5. Adjacent contracts that also need tests.

## Verify

- Reproducer flips red -> green (necessary, not sufficient).
- Adjacent-contract tests from REFLECT also pass.
- If the next review surfaces a sibling of the same finding, REFLECT wasn't
  deep enough — go back to REFLECT, don't just patch.

## Round handoff (MANDATORY — blocks next round)

Do NOT commit during the loop. All changes accumulate as working-tree edits
and are committed once after the loop terminates with zero findings.

After verify passes, do these IN ORDER before spawning the next round.
Skipping any one is a protocol violation.

### 1. Audit comments

`grep -rn 'round\|TODO.*round\|HACK\|FIXME\|debugging\|TEMP' <changed files>`.
Remove round-N narrative, debugging scaffolding, and stale TODOs from the
working tree before the next agent reads those files.

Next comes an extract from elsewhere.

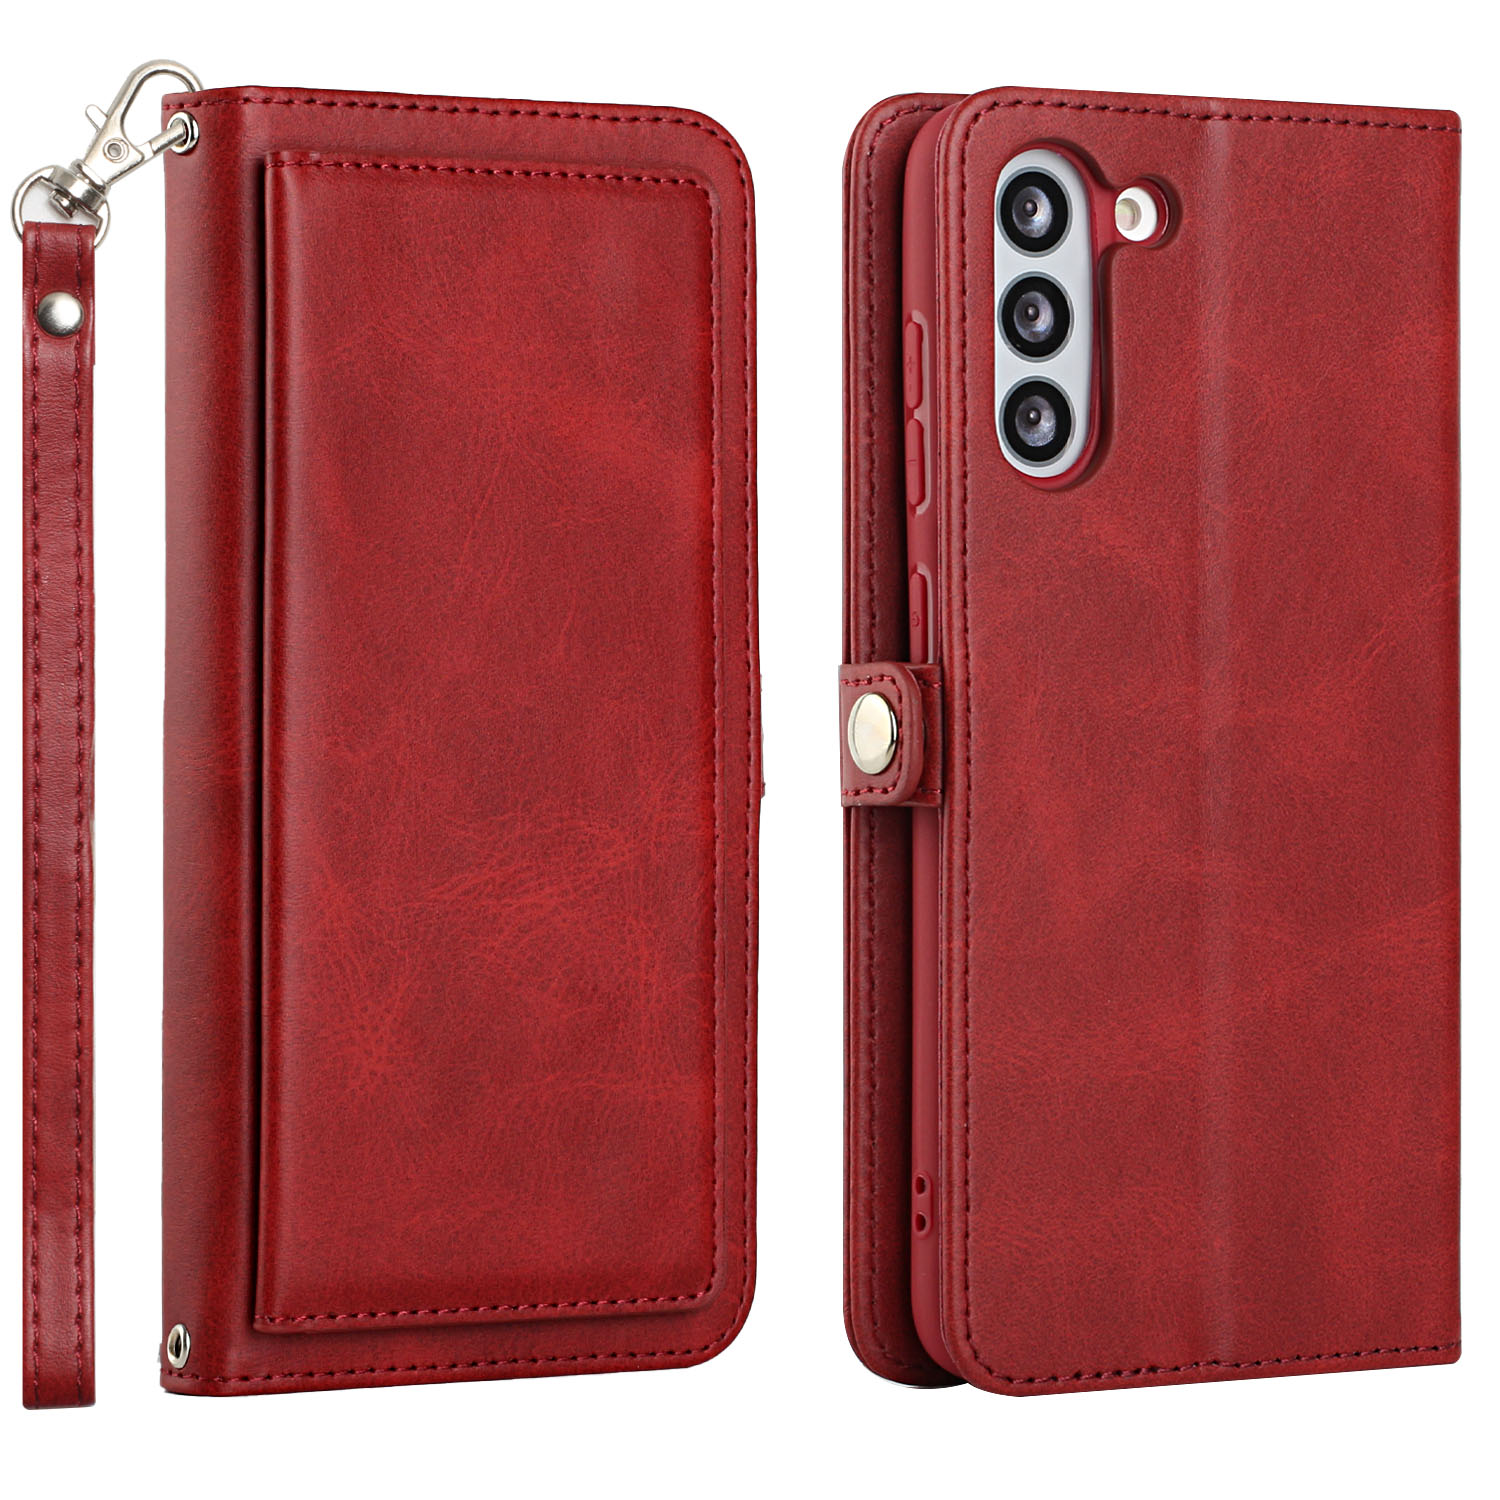 Premium PU Leather Folio WALLET Front Cover Case for Galaxy S21 FE (Red)

### 2. Build round summary

Construct this structured summary for the orchestrator to carry forward:

```
### Round N complete
- Findings: <list of what the review surfaced>
- Root-cause shape: <the REFLECT unifying shape>
- Fixes: <what changed and why, 2-3 sentences max>
- Files changed: <paths>
- Tests: pass/fail
- Remaining risk: <anything REFLECT flagged but did not address>
```

### 3. Spawn fresh agent for next round

Read [references/round-agent-prompt.md](references/round-agent-prompt.md)
for the agent prompt template. Populate it with:

- The round number
- All accumulated prior round summaries
- The list of changed files

Spawn a **general-purpose agent** (not codex:rescue — the round agent needs
Read/Write/Edit/Bash for the full REFLECT->fix cycle). The fresh context
window is the compaction mechanism — no `/compact` needed.

The agent runs its full round (review -> REFLECT -> reproducer -> fix ->
verify) and returns a structured round summary. The orchestrator evaluates
whether the summary contains `ZERO_FINDINGS`.

## Termination

The loop ends when **all three** hold:

1. Latest round agent reports `ZERO_FINDINGS` after re-reading all changed files.
2. Every finding has a reproducer test, verified green.
3. Every adjacent-contract test from each REFLECT passes.

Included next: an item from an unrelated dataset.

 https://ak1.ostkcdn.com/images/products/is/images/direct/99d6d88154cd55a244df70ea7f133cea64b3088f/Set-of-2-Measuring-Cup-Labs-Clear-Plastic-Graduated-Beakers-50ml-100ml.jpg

No other exit. Sibling findings recurring -> previous REFLECT was too shallow,
go back to REFLECT. Fix getting expensive -> plan the architectural change as
this iteration's step, same loop. Never propose "stop here, accept risk."

## Anti-patterns

- **Reflection-as-apology.** "Should have been more careful" is not a root
  cause. "Never read `ExecStdout::next`" is.
- **Test polarity flip.** If the test was green on broken code, it's
  confirmation bias, not a reproducer.
- **One reproducer, no class coverage.** If reflection identified 6 types and
  only one has a test, the next review finds the other 5.
- **Treating review as checklist.** The review surfaces symptoms; REFLECT finds
  the design choice that produced them all.
- **Skipping agent spawn.** Running the next review in the same context instead
  of spawning a fresh agent. Accumulated context degrades review quality and
  wastes tokens. The pull to "just run the review here" is strong — resist it.
  A new agent re-reads files from disk, not from stale cached content.
- **Bloated round summaries.** Including full diffs or debug traces in the
  round summary defeats the purpose. The summary is compressed signal, not a
  transcript. Five lines per round, not fifty.

## This project's codebase

- Adversarial review: `/codex:adversarial-review`
- Loop runner: `/loop` (dynamic-pacing, omit interval)
- Commit pattern: all changes commit together after zero-finding termination;
  conversation history is the iteration audit trail.